Oil spills, coastal floods, and failing fisheries are bringing into sharp public focus the declining health and increasing user-conflicts of our coastlines and oceans. Coastal and marine spatial planning (CMSP) is an ecosystem-based management (EBM) approach that allocates human activities along coasts and in the oceans both in space and time. CMSP reduces conflicts between users and maintains ecological processes and the ecosystem services they support, such as tourism, protection from floods, and fishing.
The CMSP process can be shown as a series of discrete steps, though the real process is iterative, requiring participants to revisit and revise previous steps to accommodate new information. Stakeholder engagement and participation, in particular, is vital at all steps in the process and shapes both the process and the outcomes.
CMSP Tools
A variety of planning and analytical tools have been developed to assist with and inform ecosystem-based management, including many that can be applied in the coastal and marine spatial planning process. The Coastal-Marine Ecosystem-Based Management Tools Network has cataloged these tools in an online database (ebmtools.org). Here we highlight some of the tools from the EBM Tools Network database that are most useful for CMSP, grouped by their primary function (though many of the tools are useful in multiple CMSP steps):
Pre-Planning
Legislative Atlas: Legislative Atlas displays spatial data for U.S. state and federal laws and jurisdictional boundaries and allows you to search an online database of coastal and ocean legislation according to geographic area, issue of interest, or management agency.
Stakeholder Participation
Audience Response/Keypad Polling Systems: Audience response/keypad polling systems consist of handheld keypads, or, more recently, cell phones and computers, that send participant input to a central receiving station. Use them in public processes to obtain anonymous feedback from participants at key decision points.
Existing Conditions
Cumulative Impacts Model: Cumulative Impacts Model is a method for mapping the impact of human activities on marine ecosystems. The resulting maps can help you determine what suite of activities can best meet objectives for a given area.
InVEST: InVEST models and maps the delivery, distribution, and economic value of ecosystem services and helps you visualize the impacts of potential management decisions and identify tradeoffs and compatibilities between environmental, economic, and social benefits.
Multipurpose Marine Cadastre: Multipurpose Marine Cadastre provides access to marine cadastral, physical, cultural, and legal information, including responsibility and use of marine areas, for U.S. state waters and the outer continental shelf.
Open OceanMap: Open OceanMap helps you collect and compile local expert ecological and economic knowledge through an intuitive 100-pennies stake-holder interview process.
Future Conditions
MarineMap: MarineMap helps draw possible marine protected areas (MPAs), predicts the biological and economic effects of different MPA pro-posals, and helps you select sites that will optimize conservation and fisheries benefits.

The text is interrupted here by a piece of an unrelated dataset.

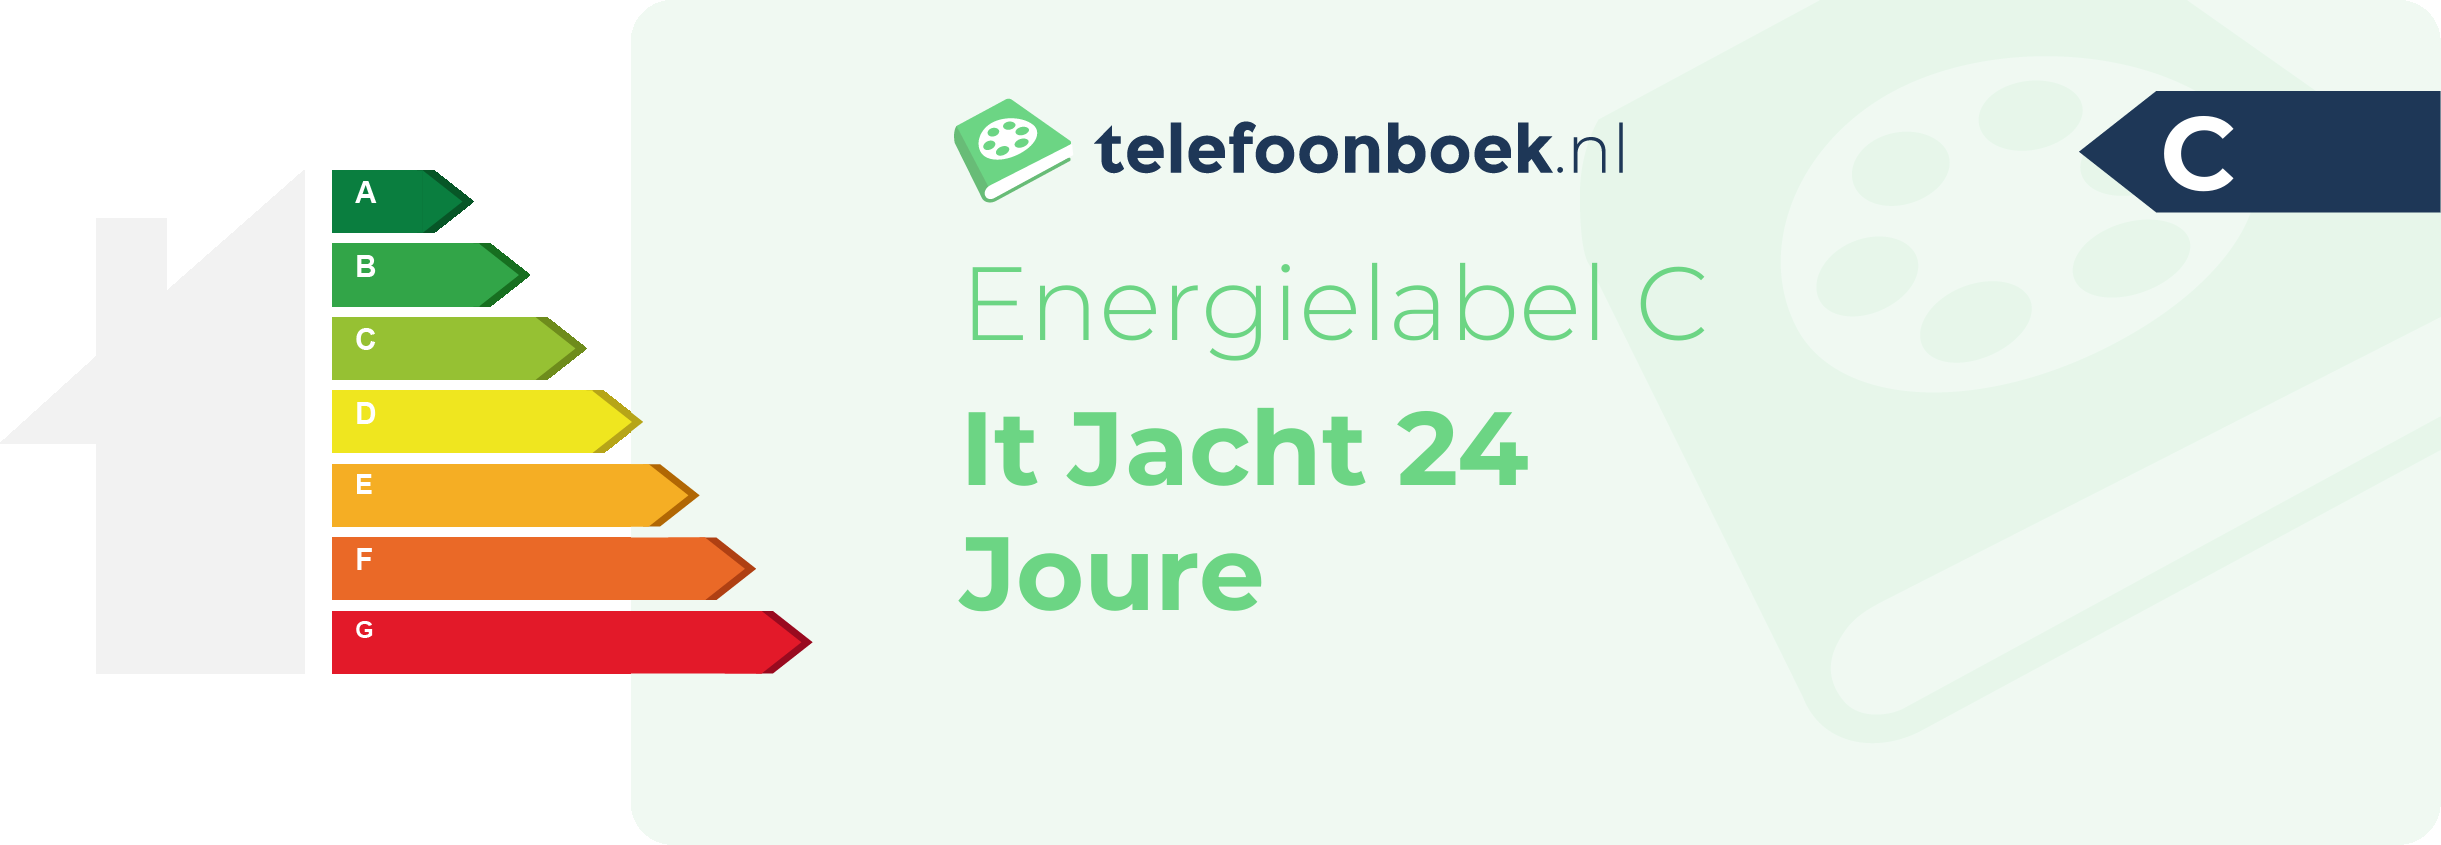 Energielabel It Jacht 24 Joure

Marxan with Zones: Marxan with Zones helps allocate land and/or sea parcels to zones with diverse targets, planning unit costs, and biodiversity benefits in order to create zoning plans that maximize social, economic, and ecological objectives while minimizing implementation costs.
Multi-scale Integrated Models of Ecosystem Services (MIMES): MIMES is a suite of models you can use to assess the value of ecosystem services, how the services are linked to human welfare, and how their function and value might change under different management scenarios.
NatureServe Vista: NatureServe Vista helps develop, evaluate, implement, and monitor spatial management scenarios that account for conservation values and other planning and assessment activities, such as land use, transportation, and energy.